_DIRECTIONS FOR THIS TASK_. A verbatim transcription of the listing below is required, without its pictures.

_MATERIAL PROVIDED_.

* * * *

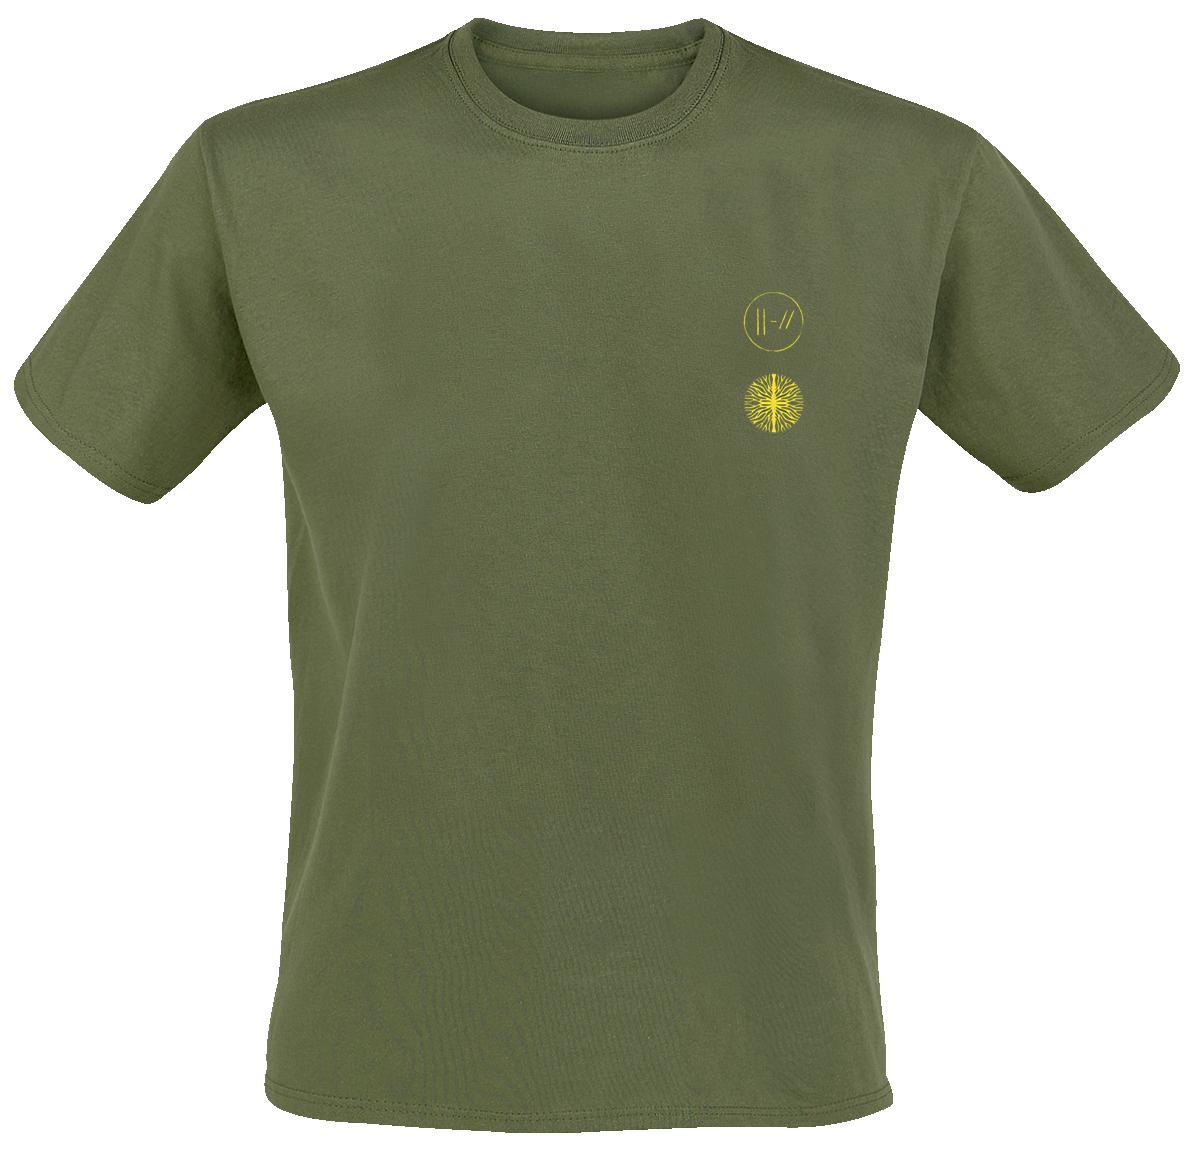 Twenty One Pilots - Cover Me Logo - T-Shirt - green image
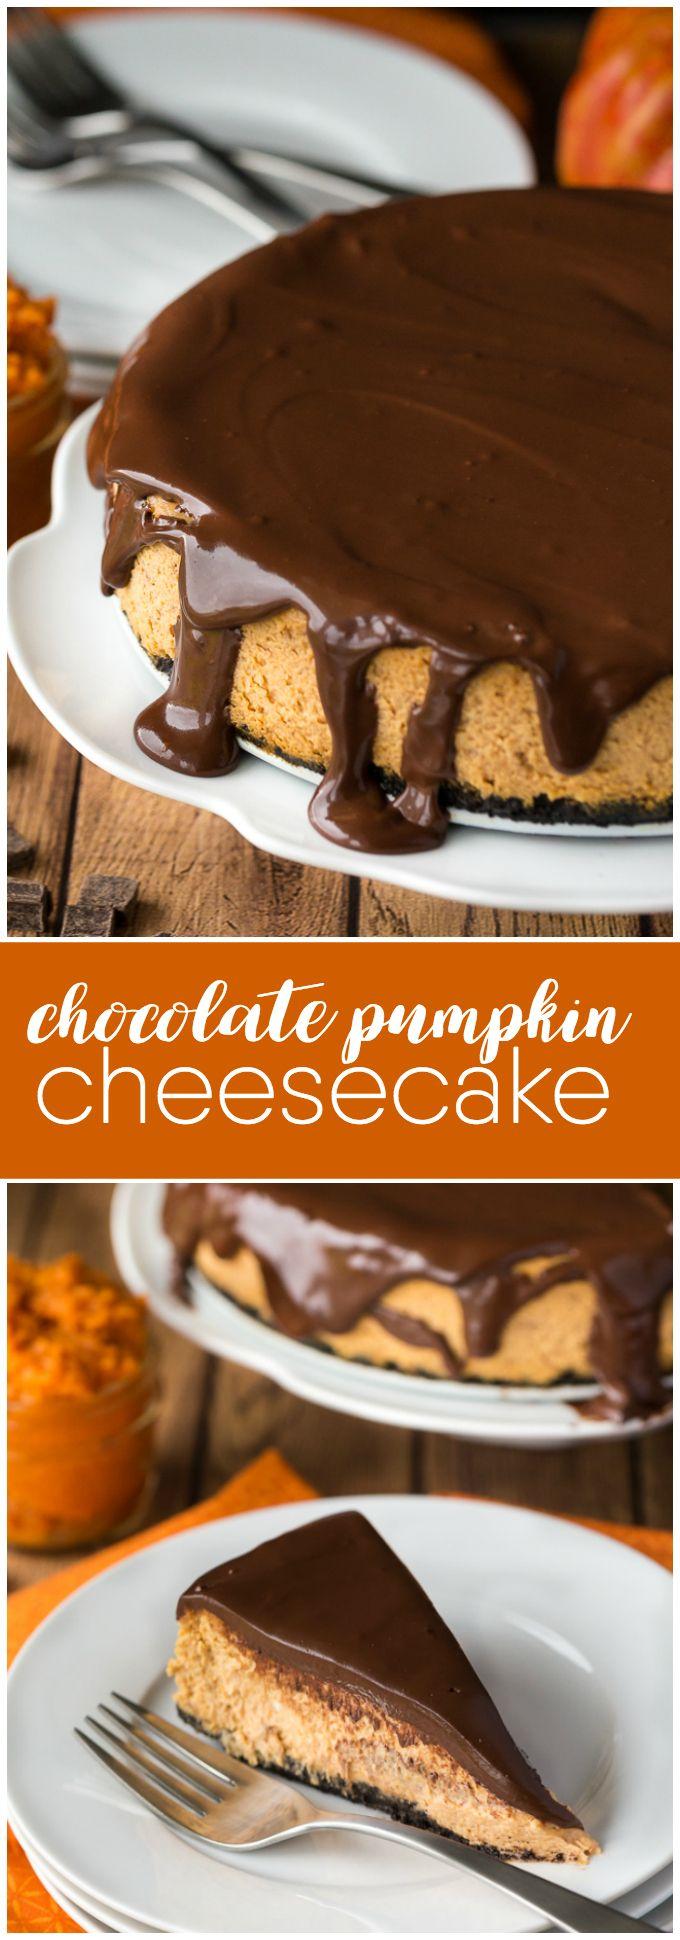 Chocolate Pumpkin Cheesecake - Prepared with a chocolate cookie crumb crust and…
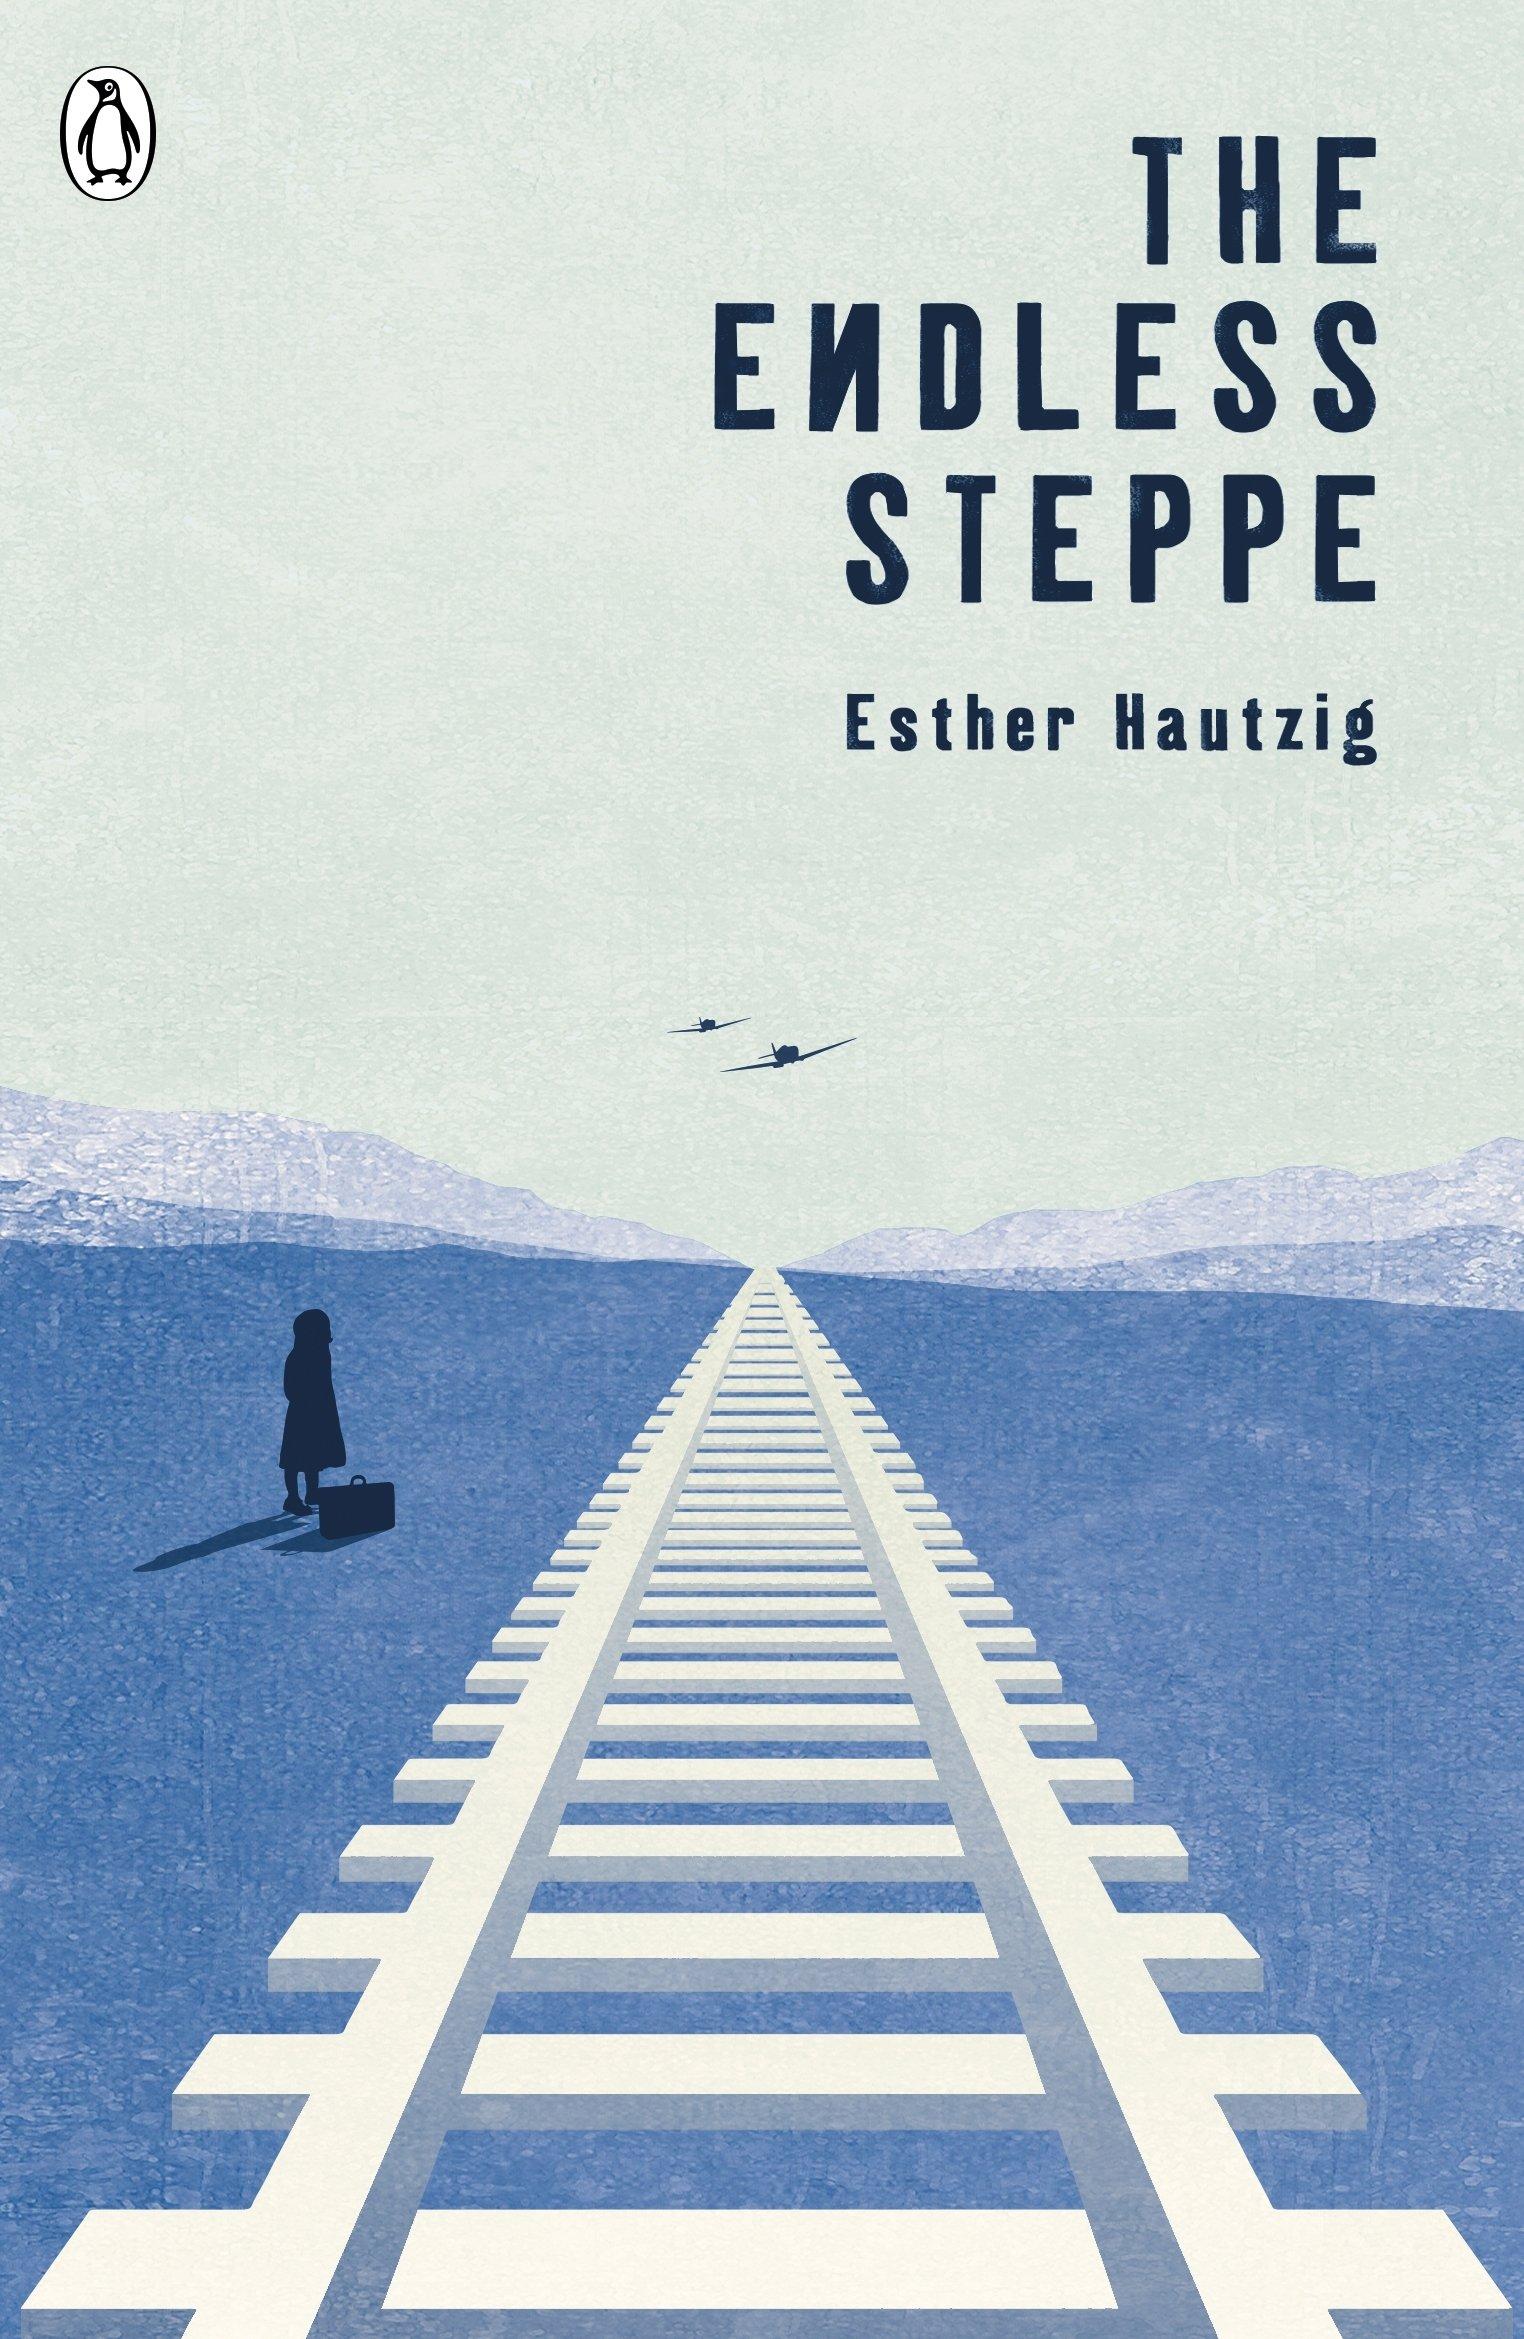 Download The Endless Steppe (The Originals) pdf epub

* * * *

_EXPECTED OUTPUT_.
 Twenty One Pilots - Cover Me Logo - T-Shirt - green image
 Chocolate Pumpkin Cheesecake - Prepared with a chocolate cookie crumb crust and…
 Download The Endless Steppe (The Originals) pdf epub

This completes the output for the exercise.